The framework that aged well

Most of what this hub covers is social psychology that fell apart. Power posing didn’t survive its first big replication. Bargh’s elderly-priming walk-slow effect went down in 2012. Bandura’s Bobo doll generalizations got narrower with every meta-analysis. Cognitive dissonance — the framework Festinger is more famous for — still survives as a general claim about psychological discomfort, but its specific behavioral predictions (the canonical $1/$20 induced-compliance result, free-choice spreading-of-alternatives, effort justification at the magnitudes originally reported) are contested every decade and shrink with pre-registration.

Leon Festinger’s other 1954 paper — the social comparison theory one, published in Human Relations — is the opposite story. It has held up across 70 years of accumulating evidence. The 2002 Suls, Martin & Wheeler review in Current Directions in Psychological Science concluded the basic mechanisms were well-supported. The wave of social-media research starting around 2014 (Vogel et al., Fardouly et al.) didn’t refute it — it extended it into a domain Festinger never imagined, and the predictions worked. The Wood 1989 Psychological Bulletin review found the literature converged on the central claims even where it complicated the periphery.

This article is an anti-example. The replication crisis is real, and most of the famous social-psychology findings of the 1950s–1970s are in trouble. Festinger’s social comparison theory is one of the conspicuous exceptions, and understanding why matters more than memorizing a list of effects to distrust.
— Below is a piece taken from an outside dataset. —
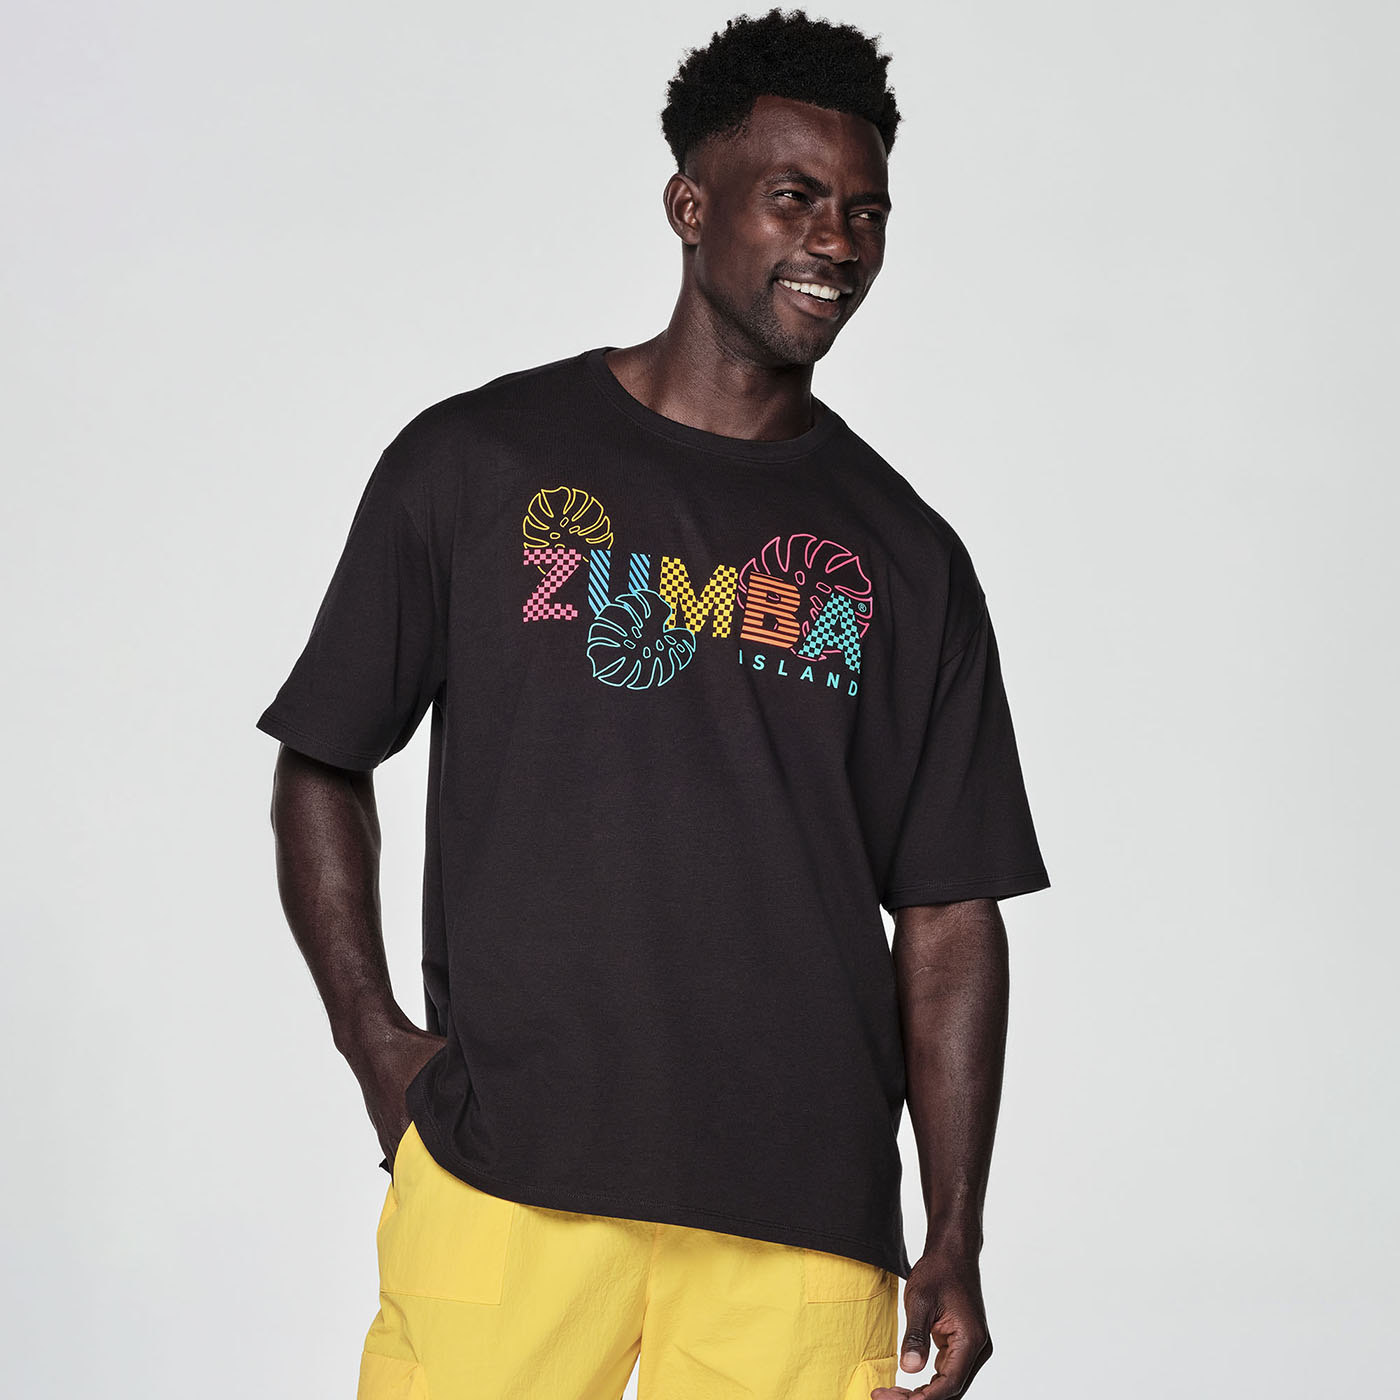 ZUMBA ズンバ 正規品 Tシャツ BLACK XSサイズ Sサイズ Mサイズ Lサイズ-フィットネスウェアのセレクトショップ LA BODY

If you’re an evidence-evaluating practitioner — marketer, product manager, behavioral scientist — the question isn’t “which findings should I keep?” but “what does a finding that survives 70 years look like, and how does that differ from one that doesn’t?”

What Festinger actually proposed in 1954

The paper is “A theory of social comparison processes,” Human Relations 7(2), pages 117–140 (DOI: 10.1177/001872675400700202). It’s structured as a numbered set of hypotheses with corollaries — nine of them — and that structure is part of why the theory aged well. Festinger didn’t write a vibey narrative; he wrote falsifiable claims, each scoped narrowly.
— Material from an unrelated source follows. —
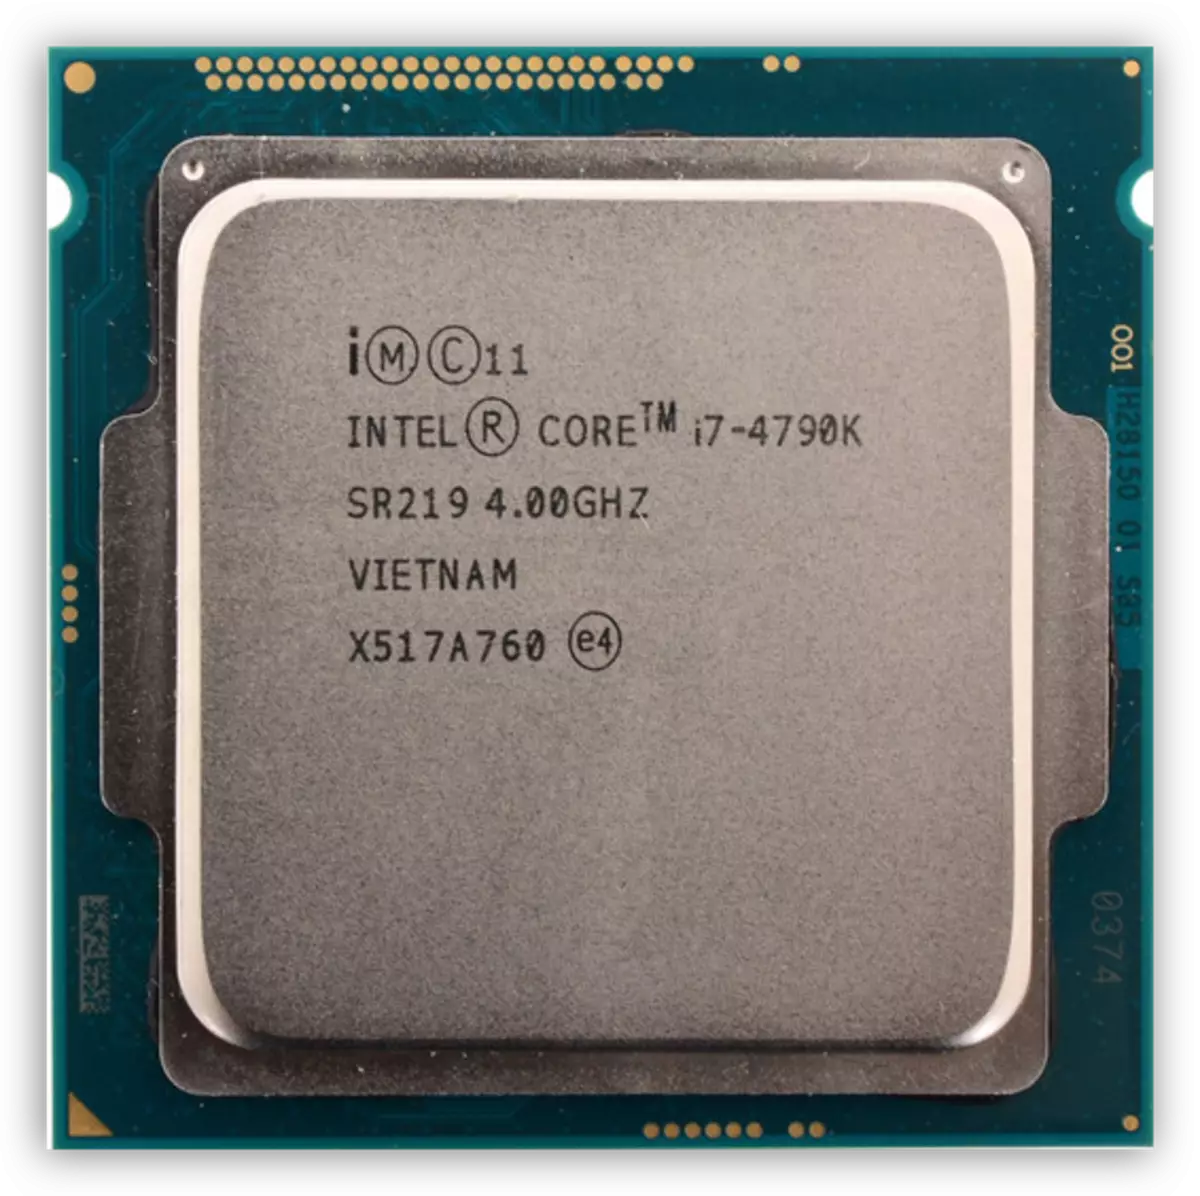 Core i7-4790k-procesoro pri Haswell-arkitekturo

The core hypotheses, paraphrased:

  1. People have a drive to evaluate their opinions and abilities. This isn’t optional — Festinger argued it’s a basic motivation, because accurate self-assessment has survival and social value.
  2. When objective non-social standards aren’t available, people evaluate by comparing to other people. You can measure your height with a tape measure (objective standard), but you can’t measure your “competence as a manager” or “correctness of your opinion on policy X” the same way. So you compare.
  3. The tendency to compare with a specific other decreases as that other’s opinion or ability diverges from your own. You compare to similar others. You don’t seriously compare your tennis serve to Serena Williams’ or your political opinion to a person with diametrically opposed worldview — those comparisons are uninformative.
  4. There is a unidirectional drive upward in the case of abilities that is largely absent for opinions. You want to be better at things; you don’t necessarily want your opinions to be “more X.”
  5. There are non-social restraints making it difficult or impossible to change one’s ability. You can change your opinion in an afternoon; you can’t change your running speed in an afternoon. This creates asymmetric outcomes from comparison.
  6. The cessation of comparison with others is accompanied by hostility or derogation to the extent that continued comparison with them implies unpleasant consequences.
  7. Any factors which increase the importance of some particular group as a comparison group will increase the pressure toward uniformity concerning abilities and opinions within that group.
  8. If persons who are very divergent from one’s own opinion or ability are perceived as different from oneself on attributes consistent with the divergence, the tendency to narrow the range of comparability becomes stronger.
  9. When there is a range of opinion or ability in a group, the relative strength of the three manifestations of pressures toward uniformity (changing own position, changing others’ positions, restricting the range of comparison) will be different for those near the mode of the group than for those distant from the mode.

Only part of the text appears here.